The Strategic Shift: From Traffic Acquisition to Search Demand Creation
Instead of chasing declining channels, the strategy pivoted toward a different question:
How do we increase demand—rather than just capture it?
This led to a new approach:
Content Distribution + AI Search Visibility (GEO)
The strategy focused on two objectives:
- Increase brand exposure across high-authority third-party platforms
- Strengthen visibility in AI-generated answers (citations), influencing indirect search behavior
This reflects a broader shift also impacting platforms like Google:
Users are no longer just searching—they are asking.
And what they see in answers influences what they search next.
Execution: Building Distributed Brand Presence
Starting February 2026, the campaign implemented a structured content distribution strategy:
Content Production
- Minimum 5 articles per month
- Focus on:
- Technical education (e.g., micro-machining processes)
- Industry applications
- Brand positioning and capabilities
Platform Distribution
Content was published across a wide range of high-authority Chinese platforms, including:
- Engineering communities (e.g., forums, technical portals)
- Content ecosystems (e.g., knowledge-sharing platforms)
- Developer and cloud platforms
- News and aggregation sites
Brand Asset Integration
Each piece included:
- Brand name
- Visual assets (images)
- Official website links
This ensured consistent brand reinforcement across the ecosystem.
Results: Recovery Within 3 Months
Within one month of execution, early signals began to emerge.
Comparing February to March 2026:
- Branded search volume increased from 31 to 41 (+32%)
- Brand-related website traffic from Baidu increased by 35%
- Monthly leads recovered to ~20 (back to 2024 levels)
More importantly:
- The sales team reported improved pipeline quality
- Overall commercial performance stabilized and began improving
Why It Worked
This strategy succeeded not because of volume—but because of alignment with how search behavior is changing.
1. Brand Visibility Drives Search Demand
Users search for brands they recognize. Increasing exposure across trusted platforms directly impacts branded search volume.
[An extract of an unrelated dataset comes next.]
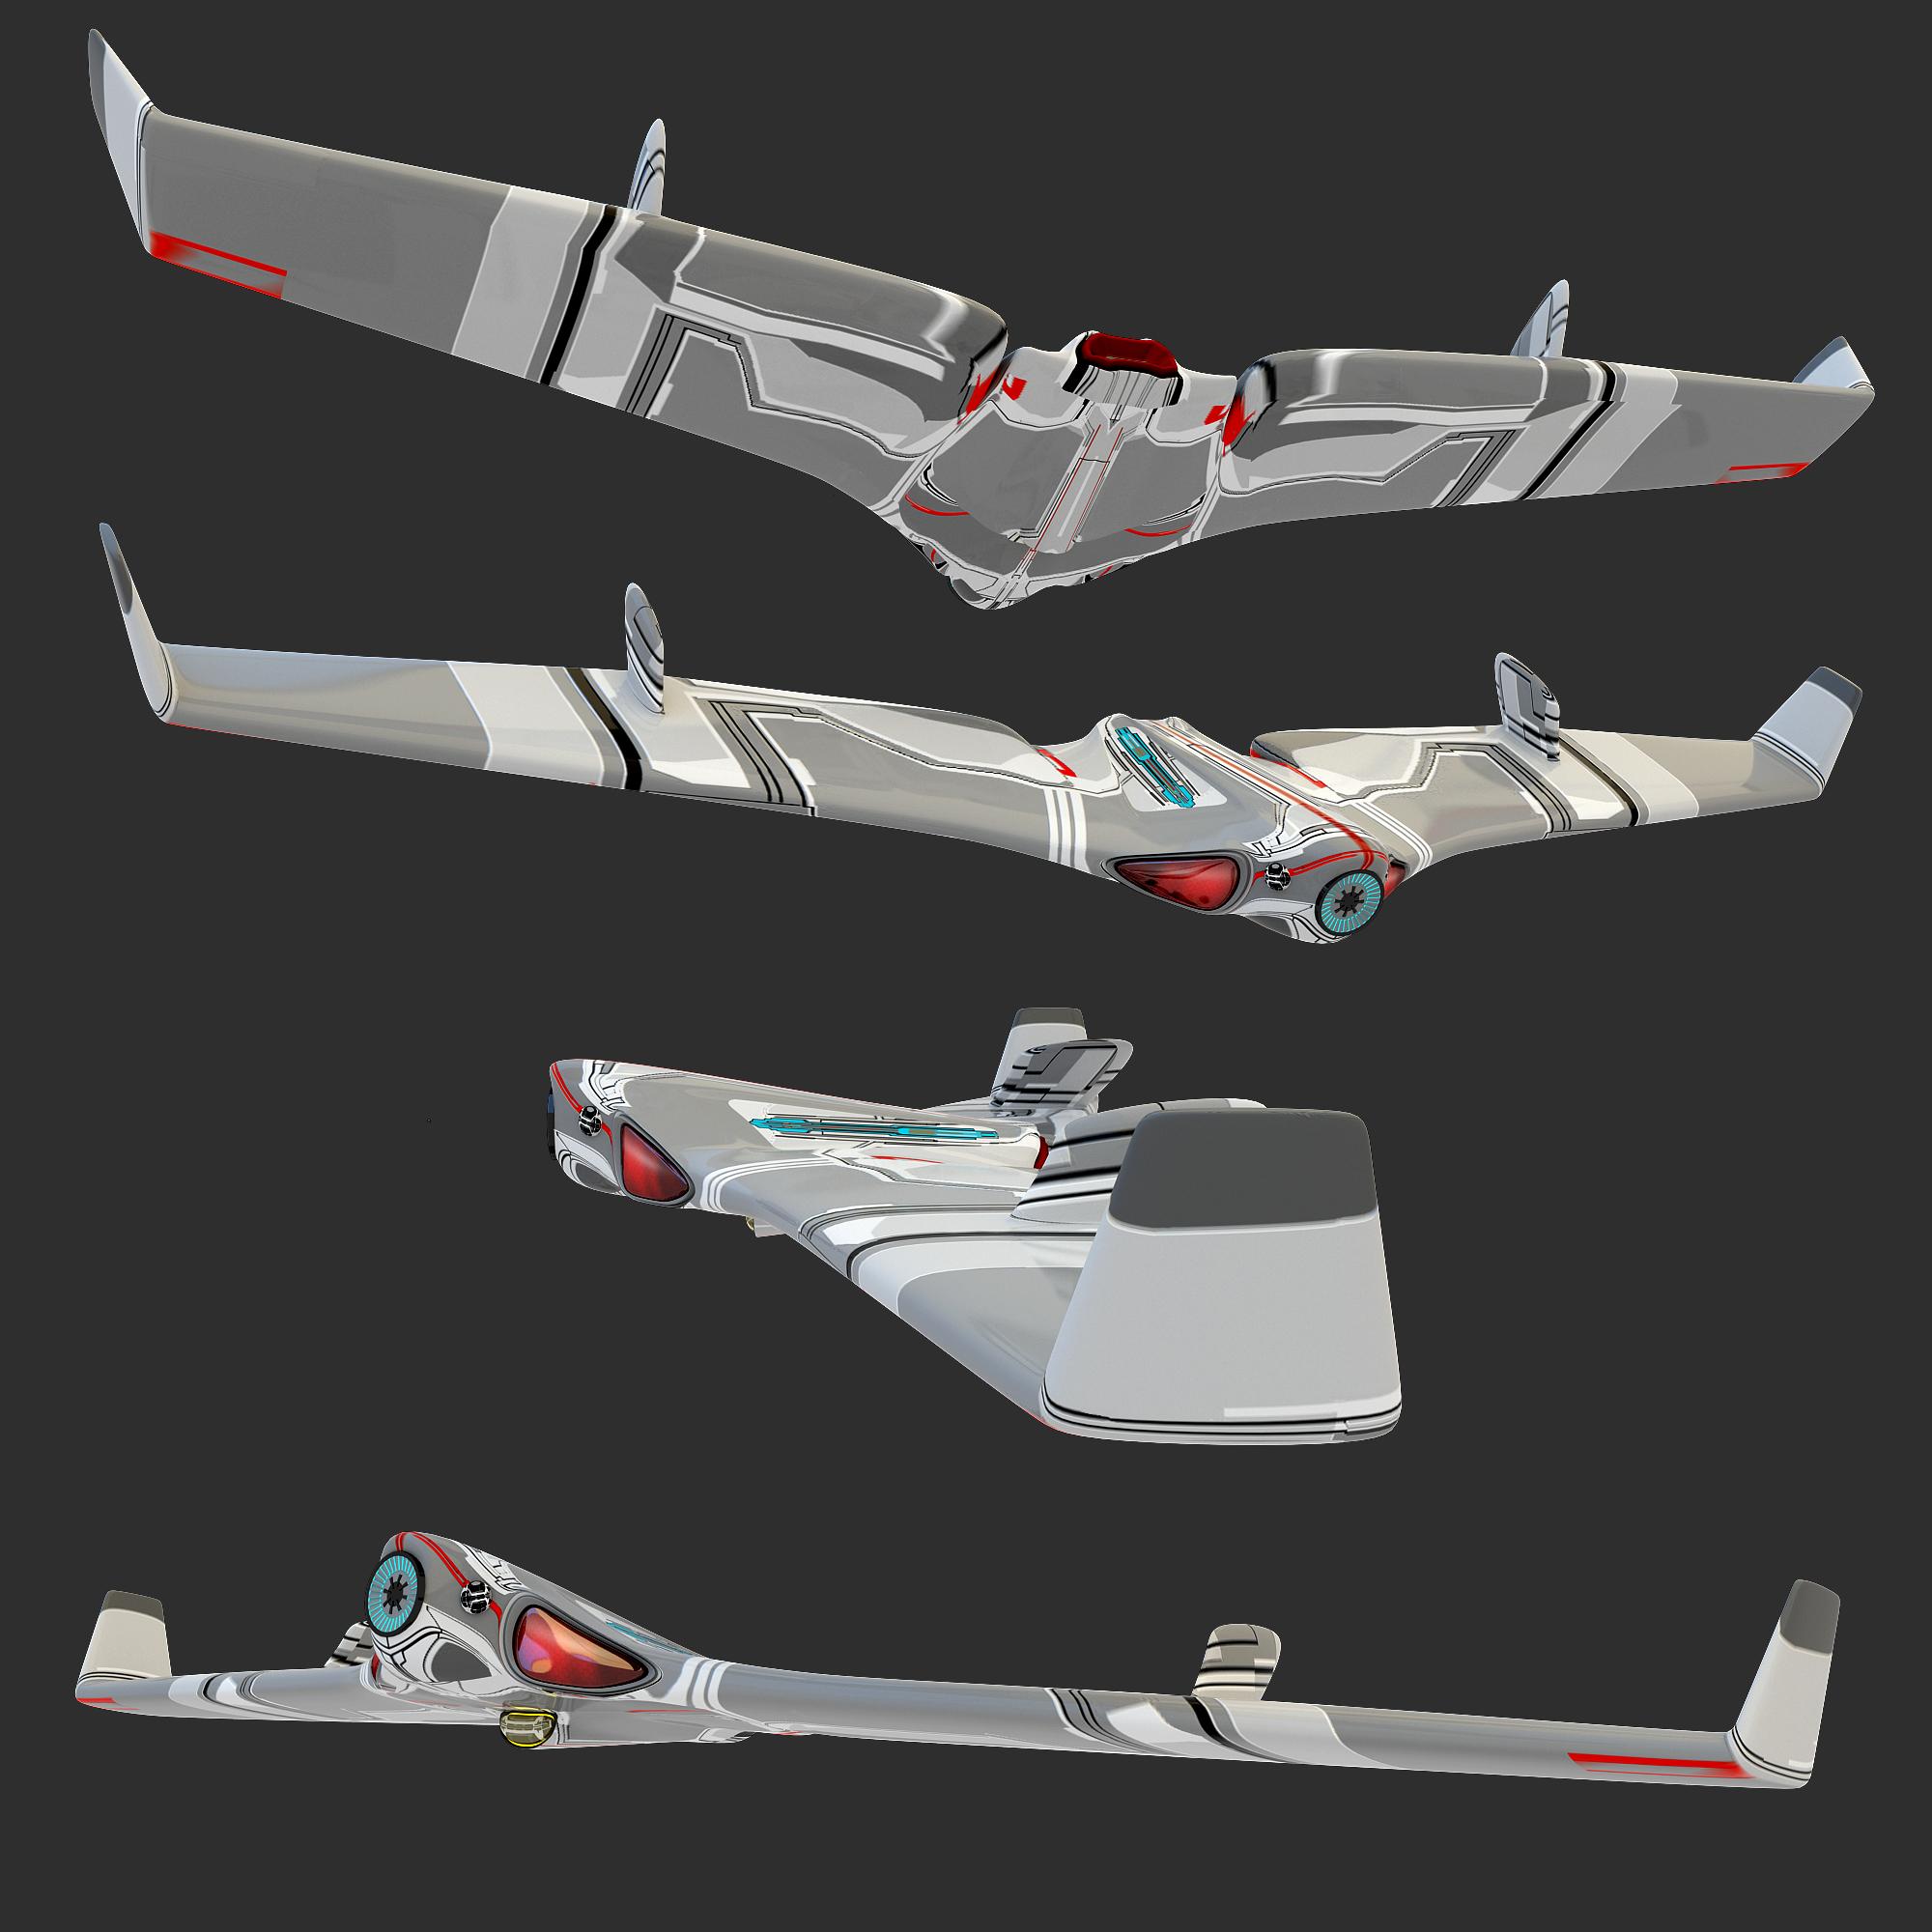 Tovarek-class FTR Drone
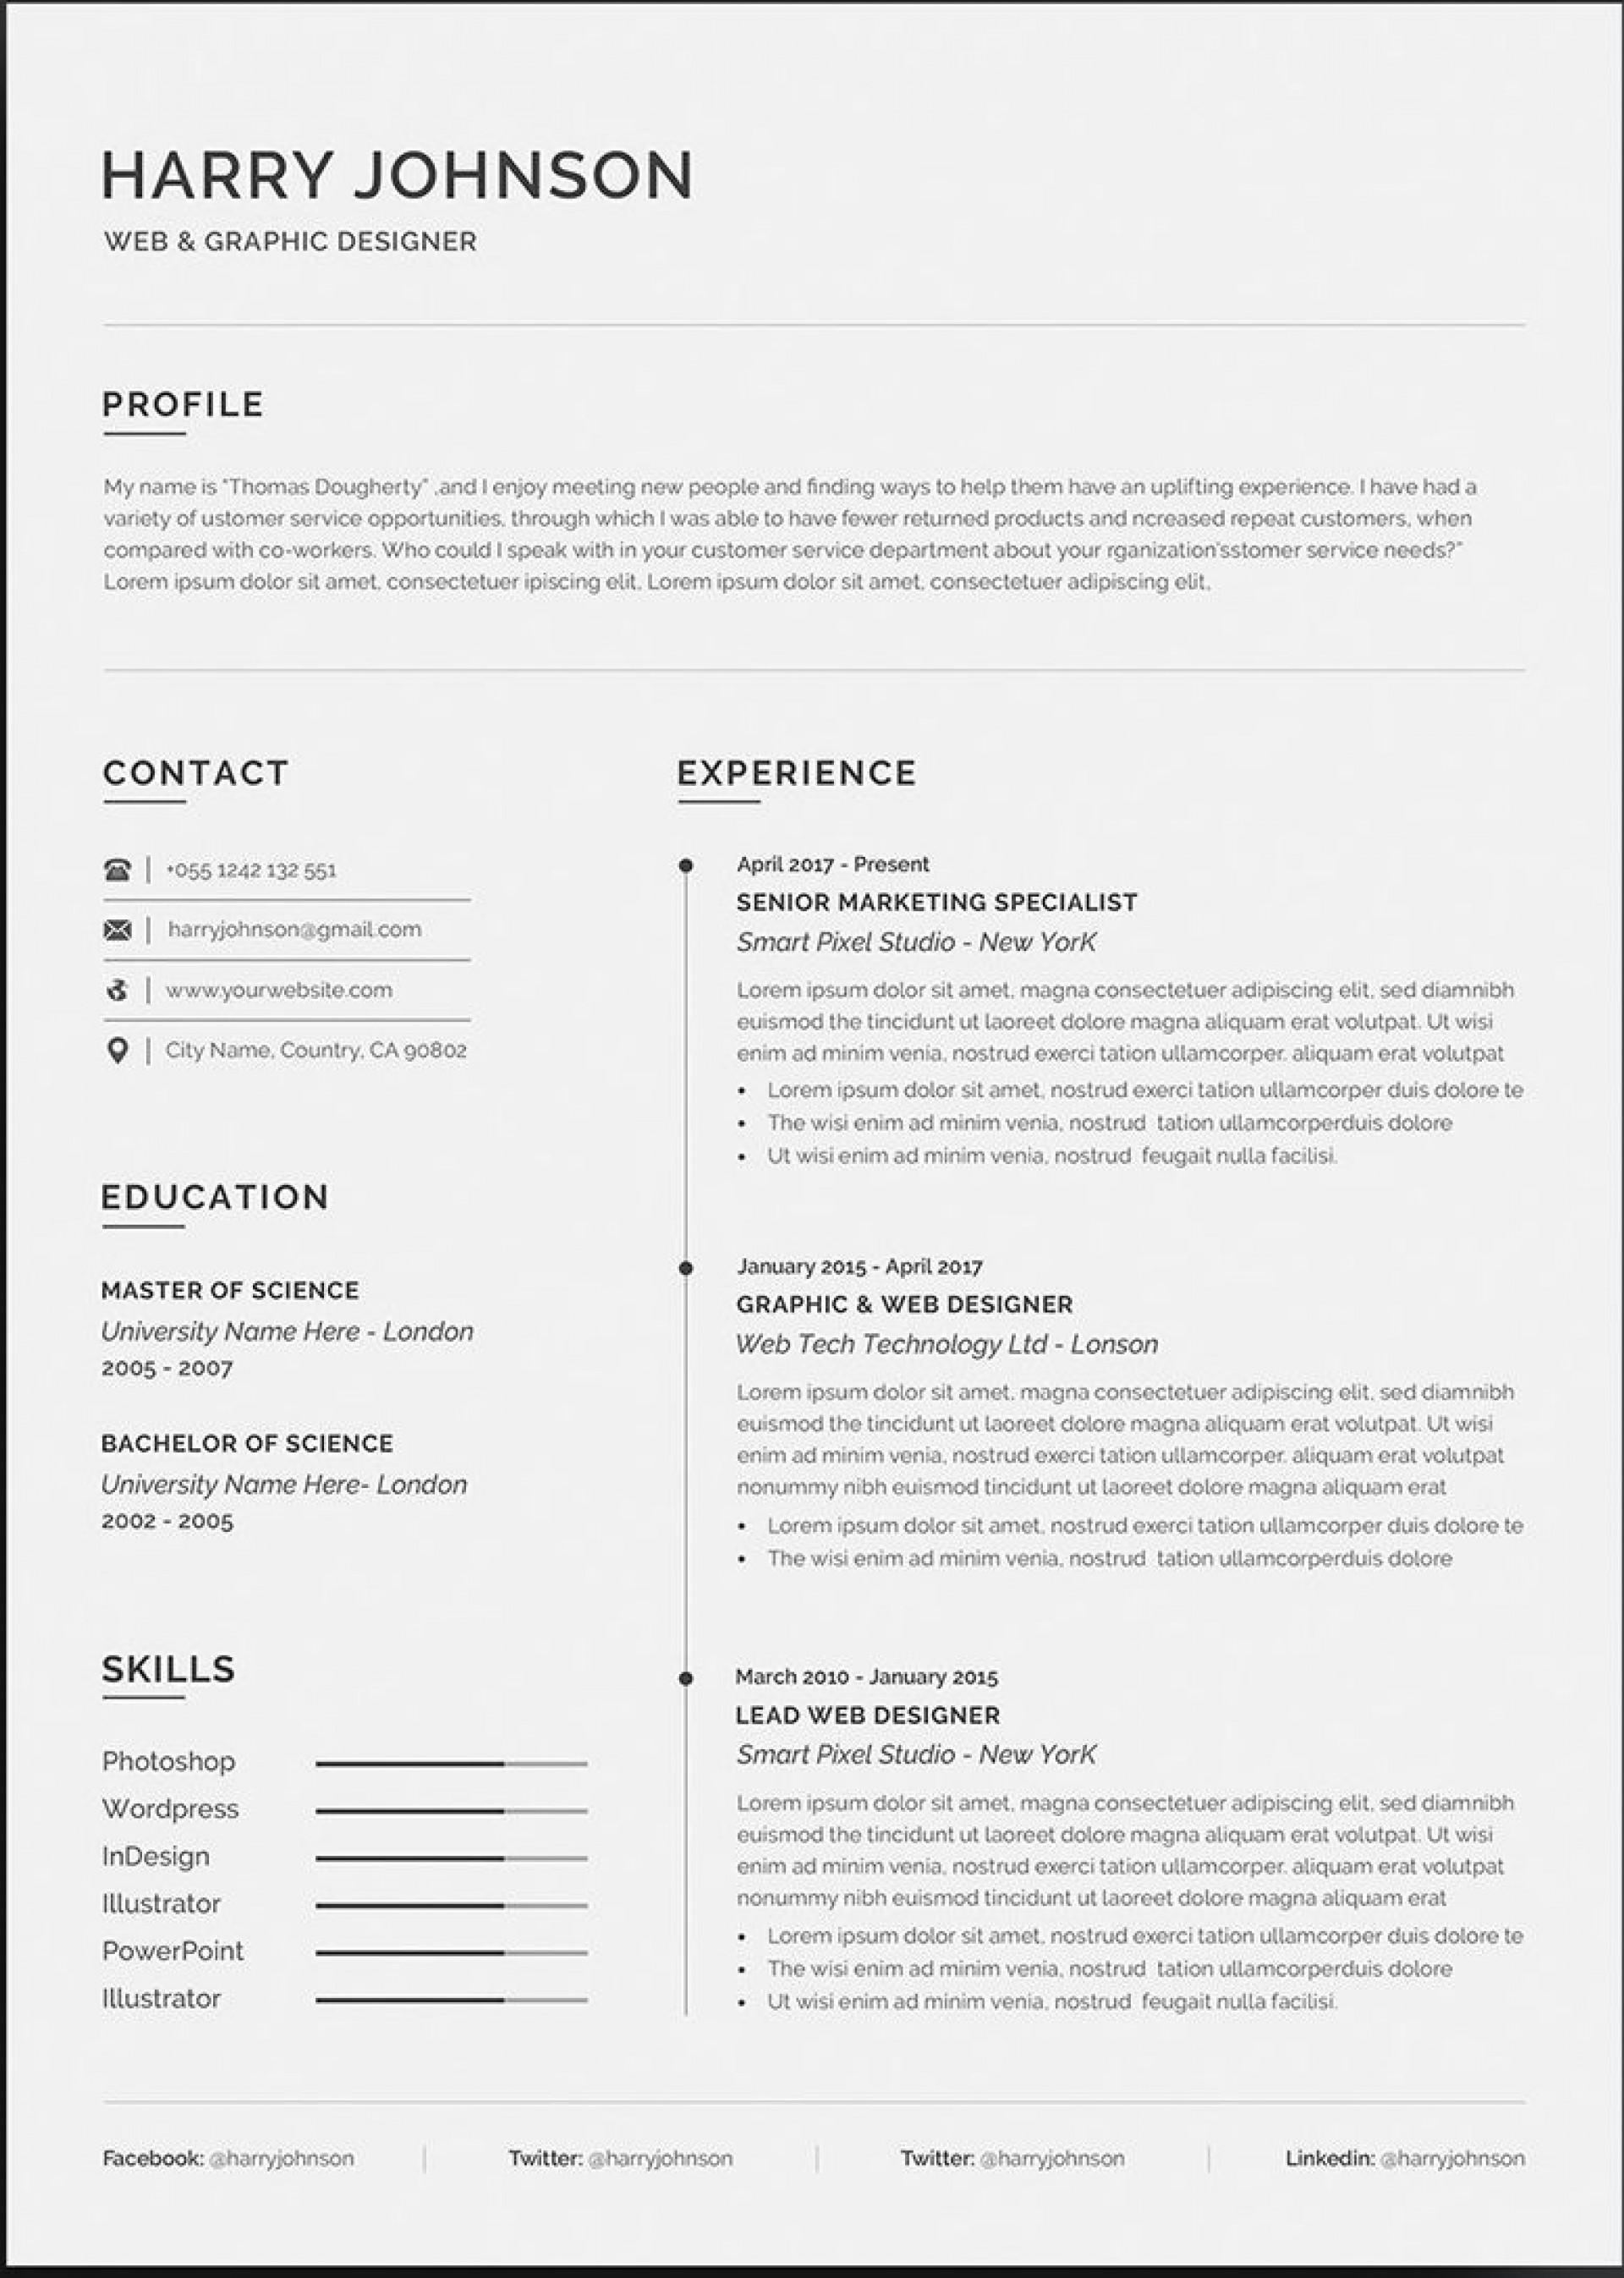 003 Wonderful Resume Microsoft Word Template Image  Cv/resume Design Tutorial With Federal Download1920

2. Third-Party Platforms Influence AI Answers
Content published on authoritative platforms has a higher chance of being referenced (cited) in AI-generated answers.
3. AI Visibility → Indirect Traffic Growth
When a brand appears in answers, users are more likely to:
- Search for the brand
- Visit the official website
- Trust the company
4. Distributed Presence Builds Trust Faster
In China’s digital ecosystem, credibility is not built on a single website—but across multiple platforms.
Key Takeaways for B2B Companies in China
If you are a B2B company targeting the Chinese market, this case highlights several critical shifts:
- Traffic is no longer the starting point—demand is
- PPC alone cannot sustain growth
- SEO is becoming less predictable
- AI-driven discovery is reshaping user behavior
Most importantly:
If your brand is not visible across the ecosystem, it will not be visible in search.
Conclusion
This case demonstrates that even high-performing companies can face sudden declines when the underlying dynamics of search change.
But it also shows that recovery is possible—by adapting strategy, not just increasing budget.
In today’s environment, the question is no longer:
“How do we get more clicks?”
But rather:
“How do we become visible everywhere our customers are looking—or asking?”